A few weeks ago I spent the day in Edinburgh and came across a wonderful spiritual shop. It is a shop that invites us to look at the journey and struggle of Palestinian Christians and their neighbours in Israel. Being in this spiritual place made me think of the time of Advent and the time of waiting for the birth of Jesus and made me questions what must it be like to wait in or near Bethlehem today for the birth of

Jesus? I suppose at this time the images given to western people of Bethlehem are of a wonderful settled place of rolling hills, shepherds roaming about with their sheep and although it is busy there is a wonder about it. The Christian cards and images display tranquillity and all of this draws you into this preconception of peace .The reality of course however is that life near and in Bethlehem is filled with struggle, with occupation and fear.
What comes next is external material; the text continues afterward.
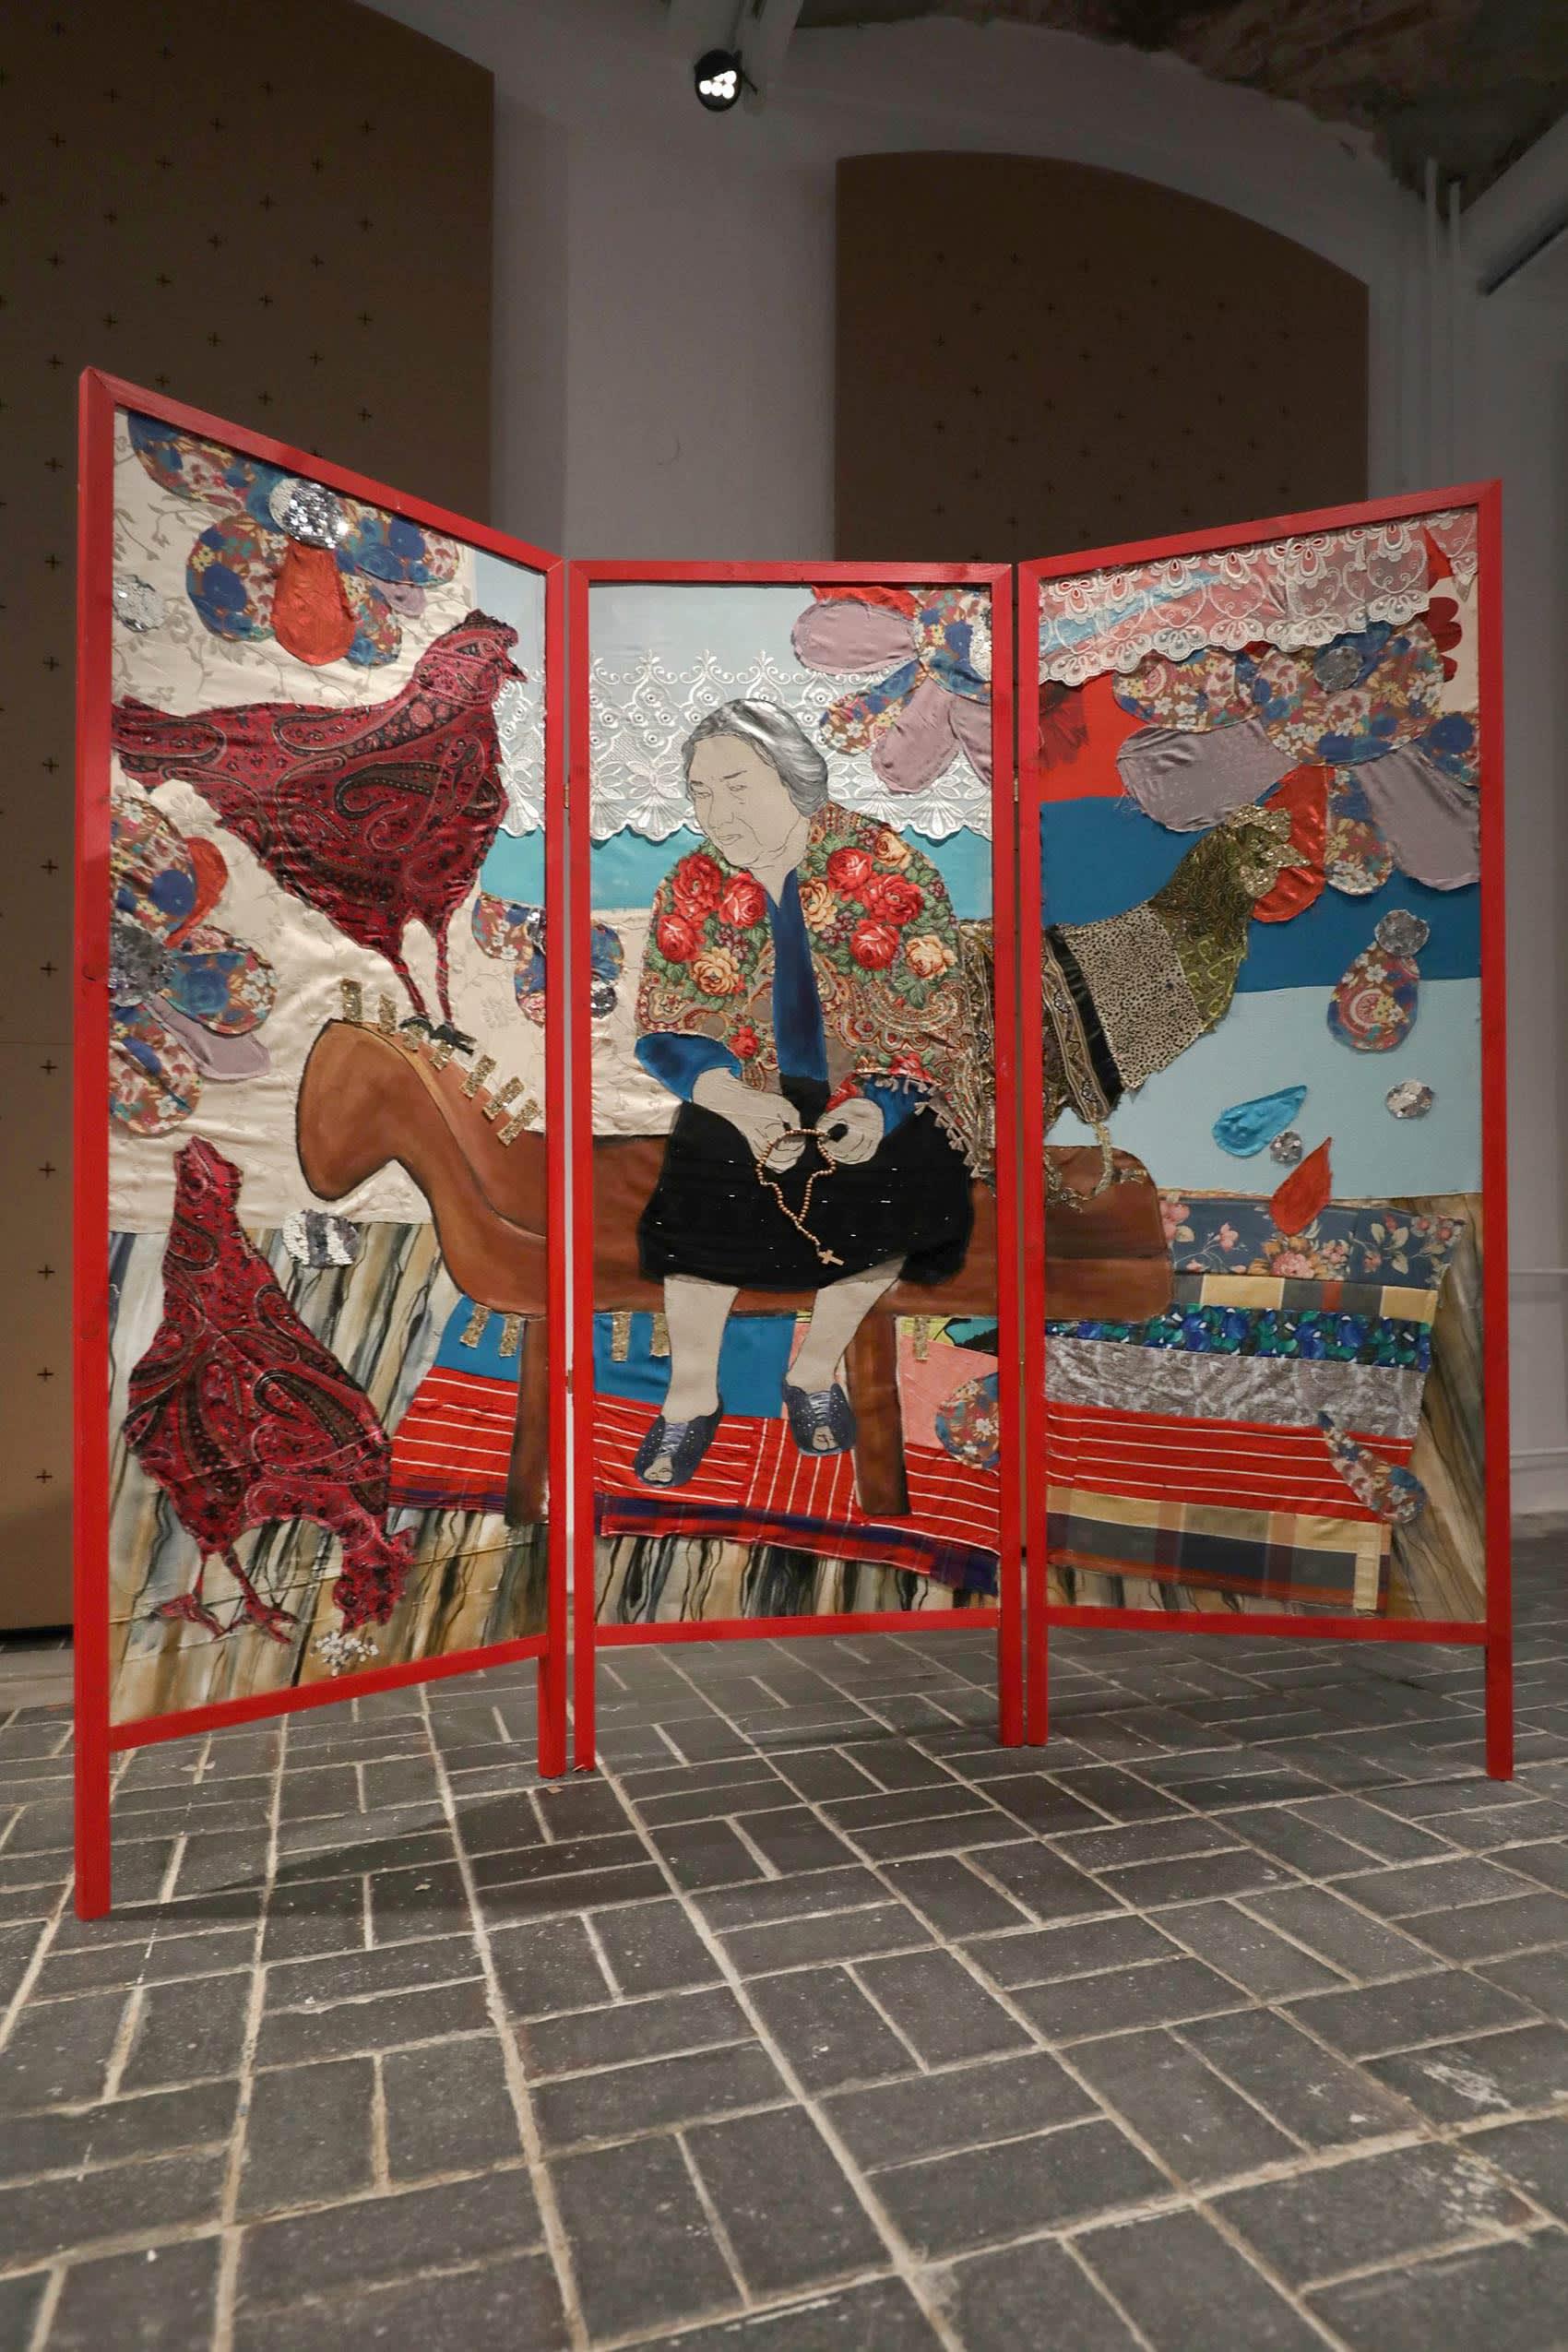 małgorzata mirga-tas, artist, lost memory, artwork, installation view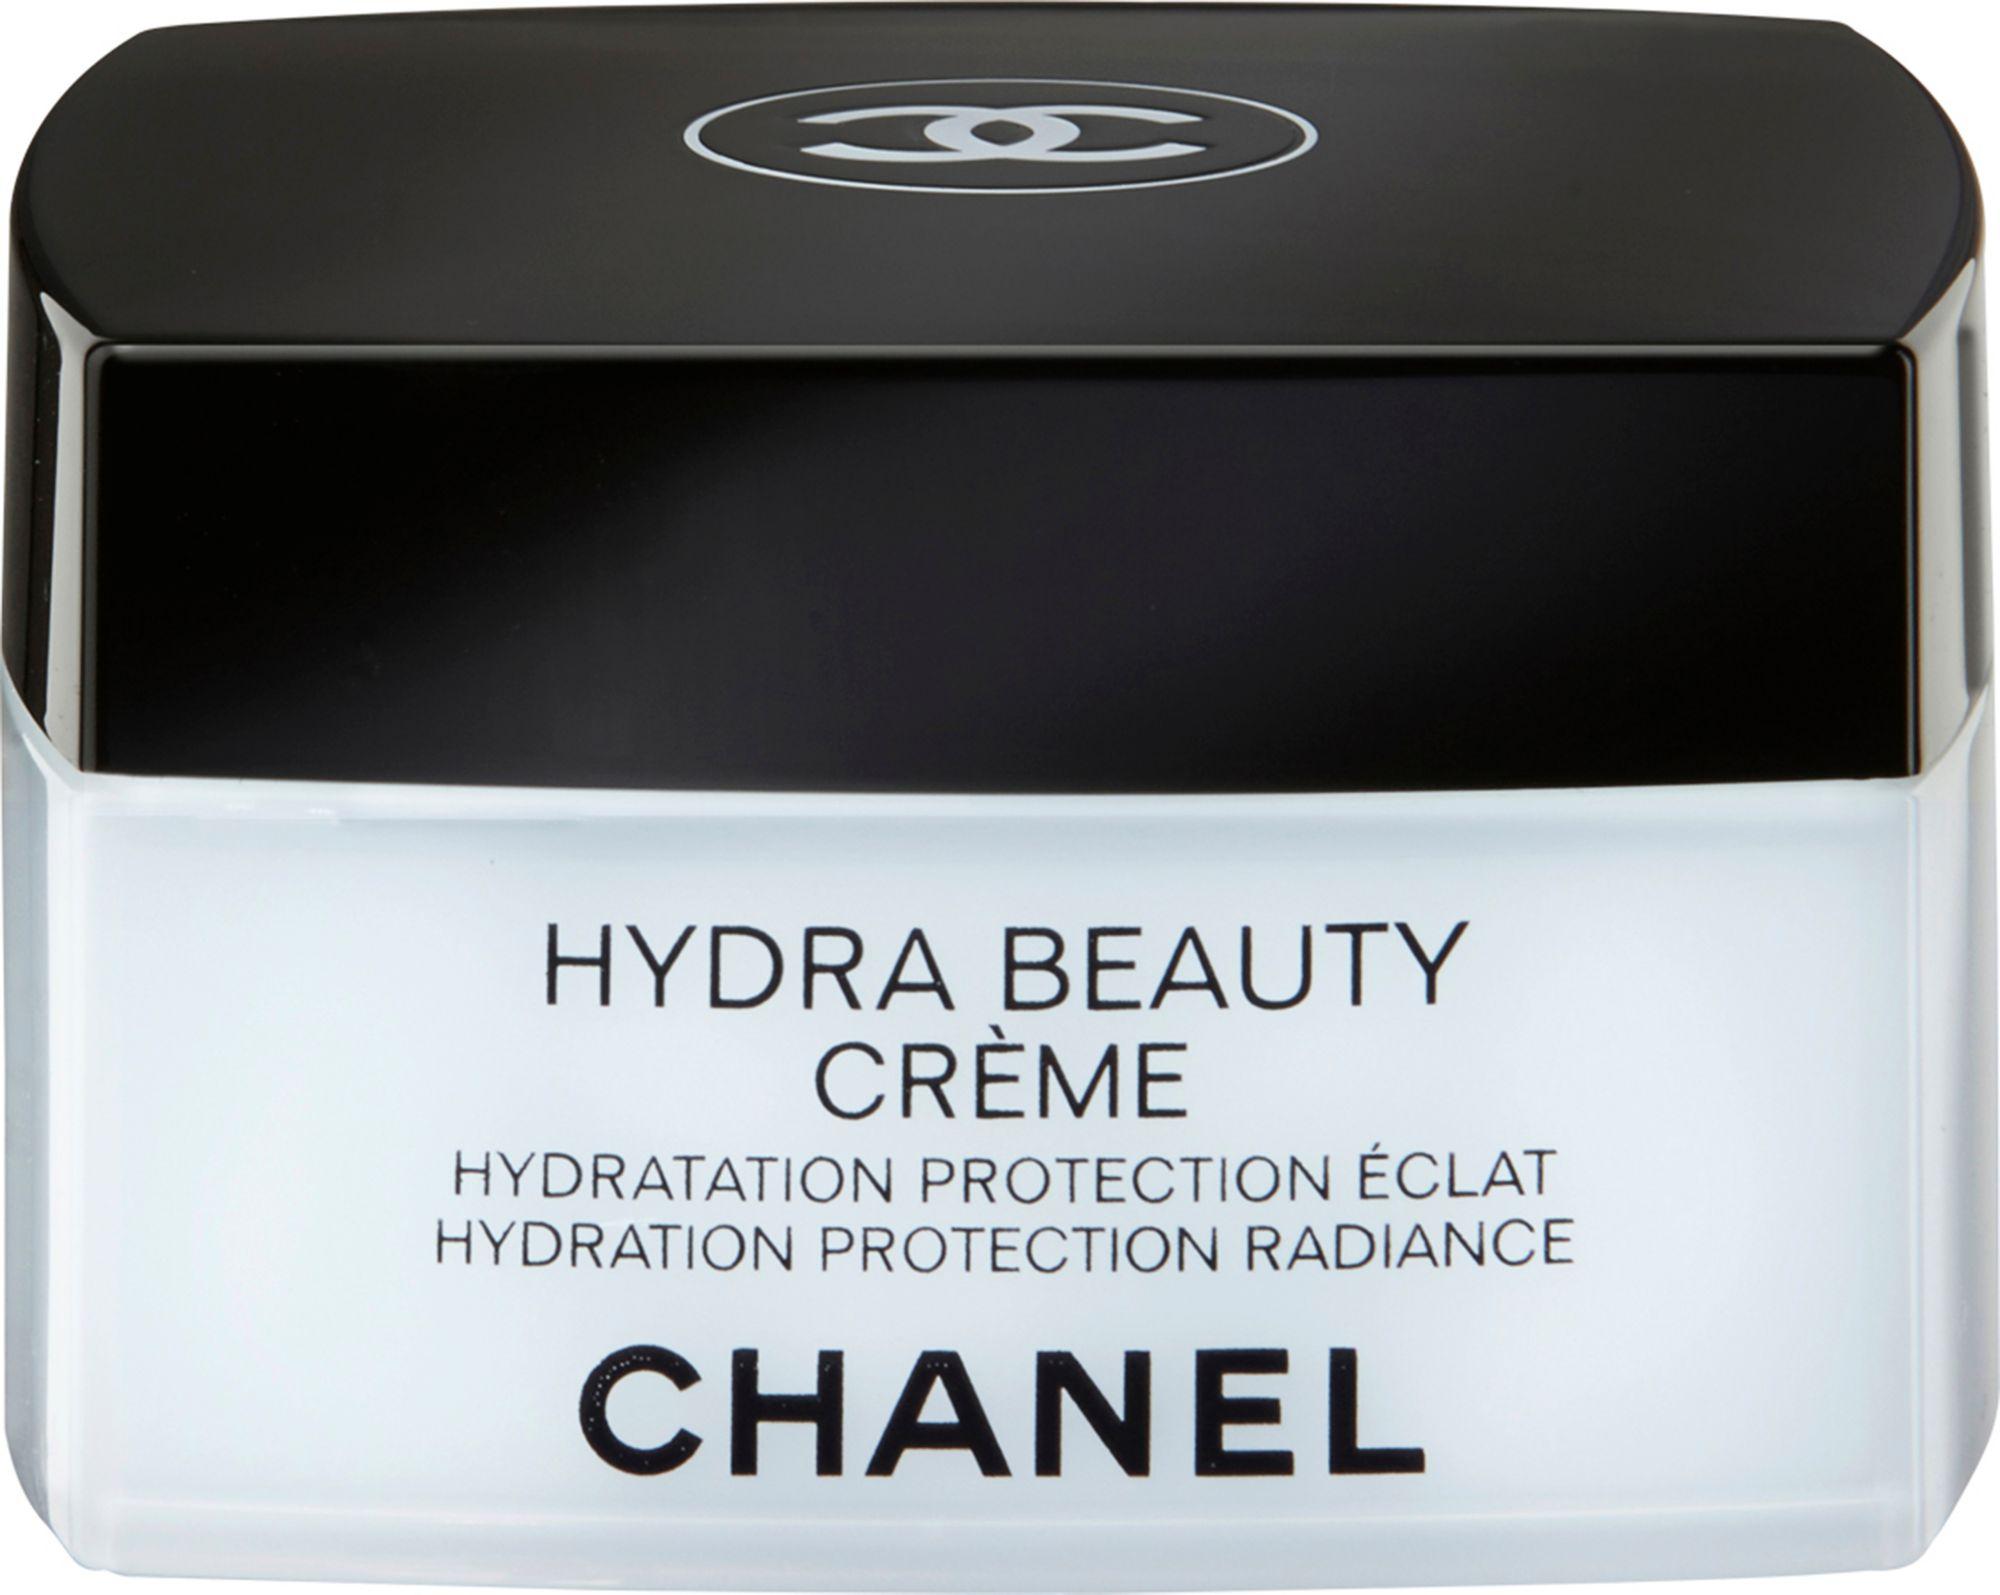 CHANEL Chanel, »Hydra Beauty Crème«, Gesichtscreme

It is so easy to let fear paralyse us into non-action and as I looked back at the violence, the discrimination, the injustice and the changes happening in our world I have felt afraid. But I ask how will my fear help? Reality: it won’t. In the Bible the words ‘Do not be afraid’ are written 365 times so Jesus is reminding us every day not to be afraid. So the challenge in the midst of change is to find inner peace. That peace that only Jesus can give. If we are routed in relationship with Jesus Justice and Peace are possible.

Gareth Hewitt in his book Occupied Territories expresses this amazingly; ‘Somewhere around 4BC the Prince of Peace was born. A word, a statement, an action, a lifestyle, a revolution of love burst with hope from Bethlehem – at the time, an occupied territory- showing us how to live as a kingdom or community of love.

Now Bethlehem is an occupied territory once again. But a movement is being born again there from the followers of the Prince of Peace that says there is a better way, a nonviolent way. This community is sending a message of love, justice and peace, a prophecy that offers hope to the whole world’.

This is the GOOD NEWS.

May you find inner peace wherever you are and may you know the revolution of love that bursts forth from Bethlehem as Jesus is born again.